Sorry for my fault, the above patch misses caring the race.

>>
>> Am I missing something subtle here?
> 
> Having looked through that code...  It *is* wrong.  Note that the normal
> approach is to have pin_remove() called via pin_kill(), directly or triggered
> from group_pin_kill() and/or cleanup_mnt() on the mount it's attached to.
> pin_remove() should never be called outside of ->kill() callbacks.  It should
> be called at the point where you are OK with fs being shut down.

Thank you very much for your comments.
I will try to using fs_pin as the restrict.

> 
> The fundamental reason why it's broken is different, though - you *can't*
> grab a reference if all you've got is a pin.  By the time the callback is
> called, the mount in question is already irretrievably committed to being
> killed.  There's one hell of a wide window between the point of no return
> and the point where you are notified of anything, and that's by design -
> you might very well have had several mounts doomed by a syscall and they
> all get through cleanup_mnt() just before return to userland.  One by one.
> So between the point where this puppy is doomed and the call of your callback
> there might have been several filesystems going through shutdown, with tons
> of IO, waiting for remote servers, etc.
> 
> We could add a primitive that would _try_ to grab a reference - that can
> be done (lock_mount_hash(), check if it has MNT_DOOMED or MNT_SYNC_UMOUNT,
> fail if it does, otherwise mnt_add_count(mnt, 1) and succeed, doing
> unlock_mount_hash() on both exit paths).  HOWEVER, you'll need to think
> very carefully where to use that primitive - unlike mntget() it _can_
> fail and lock_mount_hash() can inflict quite a bit of cacheline pingpong
> if used heavily.

Do you mean adding a new feature?

> 
> Could you give details on lifecycle of those objects, including the stages
> at which we might try to grab references?  Combination of such primitive with
> a pin (doing just "NULL the references to vfsmount/dentry, do dput() on
> what that dentry used to be and call pin_remove()") might work, if the
> lifecycle is good enough.

NFSD has two caches named expkey and export which are managed by sunrpc cache
fundamental. I will only explain export following for expkey is similar as export.

struct cache_head {
	struct kref     ref;
	... ... 
};
struct svc_export {
	struct cache_head       h;
	struct path             ex_path;
	... ...
};

1. svc_export has a reference, will be freed when the reference is decreased to zero.
2. ex_path must be put when freed (Want change mntget to fs_pin for ex_path's vfsmnt).
3. With fs_pin, there are two logic (one is the normal logic, the other is pin_kill)
   which can cause free svc_export.
4. The reference of the normal logic is zero, but the pin_kill logic is not zero.
   the second logic will decrease the reference indirectly, if decrease to zero, 
   umount will go though the normal logic's code, at last frees the svc_export;
   if not zero, umount must don't free the svc_export.

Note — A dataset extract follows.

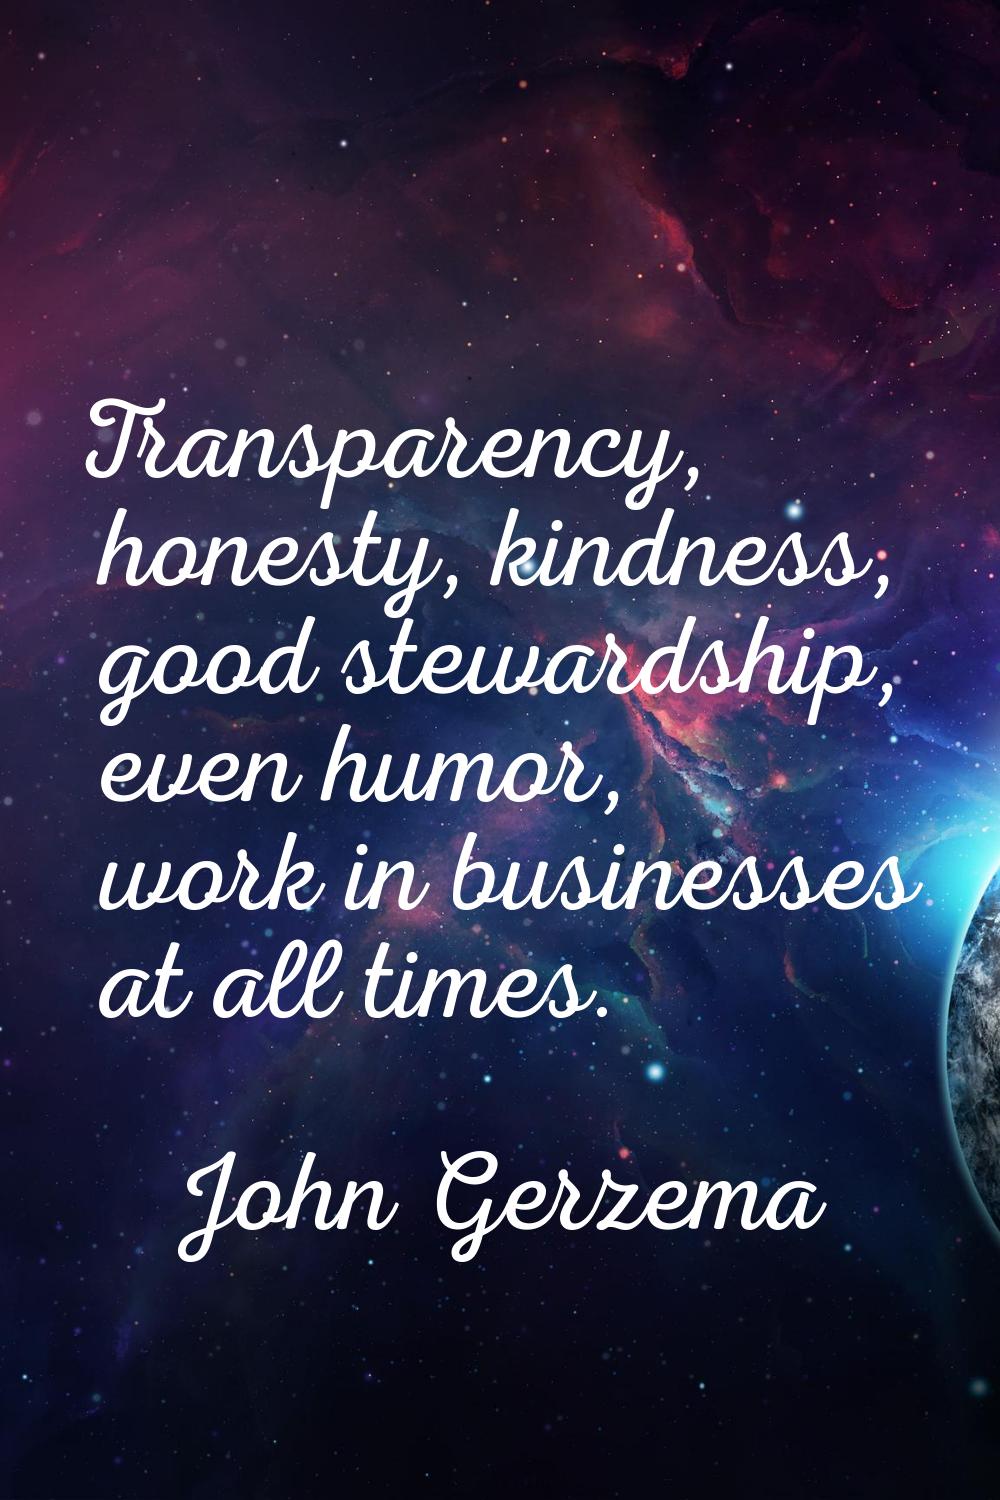 Transparency, honesty, kindness, good stewardship, even humor, work in businesses at all times.

I try to solve the window as,
struct svc_export {
	struct cache_head       h;
	struct path             ex_path;
	... ...
	struct fs_pin           ex_pin;
        struct rcu_head         rcu_head;

        /* For cache_put and fs umounting window */
        struct completion       ex_done;
        struct work_struct      ex_work;
};

1. ex_done is for umount waiting the reference is decreased to zero.
2. ex_work is for umount decrease the reference indirectly.
3. The normal logic don't free the svc_export, calls complete() and
   go though pin_kill() logic as,
   (svc_export_put will be called when reference is decreased to zero)
   
   static void svc_export_put(struct kref *ref)
   {
          struct svc_export *exp = container_of(ref, struct svc_export, h.ref);

          rcu_read_lock();
          complete(&exp->ex_done);
          pin_kill(&exp->ex_pin);
   }

4. pin_kill() logic will schedules to decrease the reference though ex_work,
   and at last path_put_unpin and destroy the svc_export.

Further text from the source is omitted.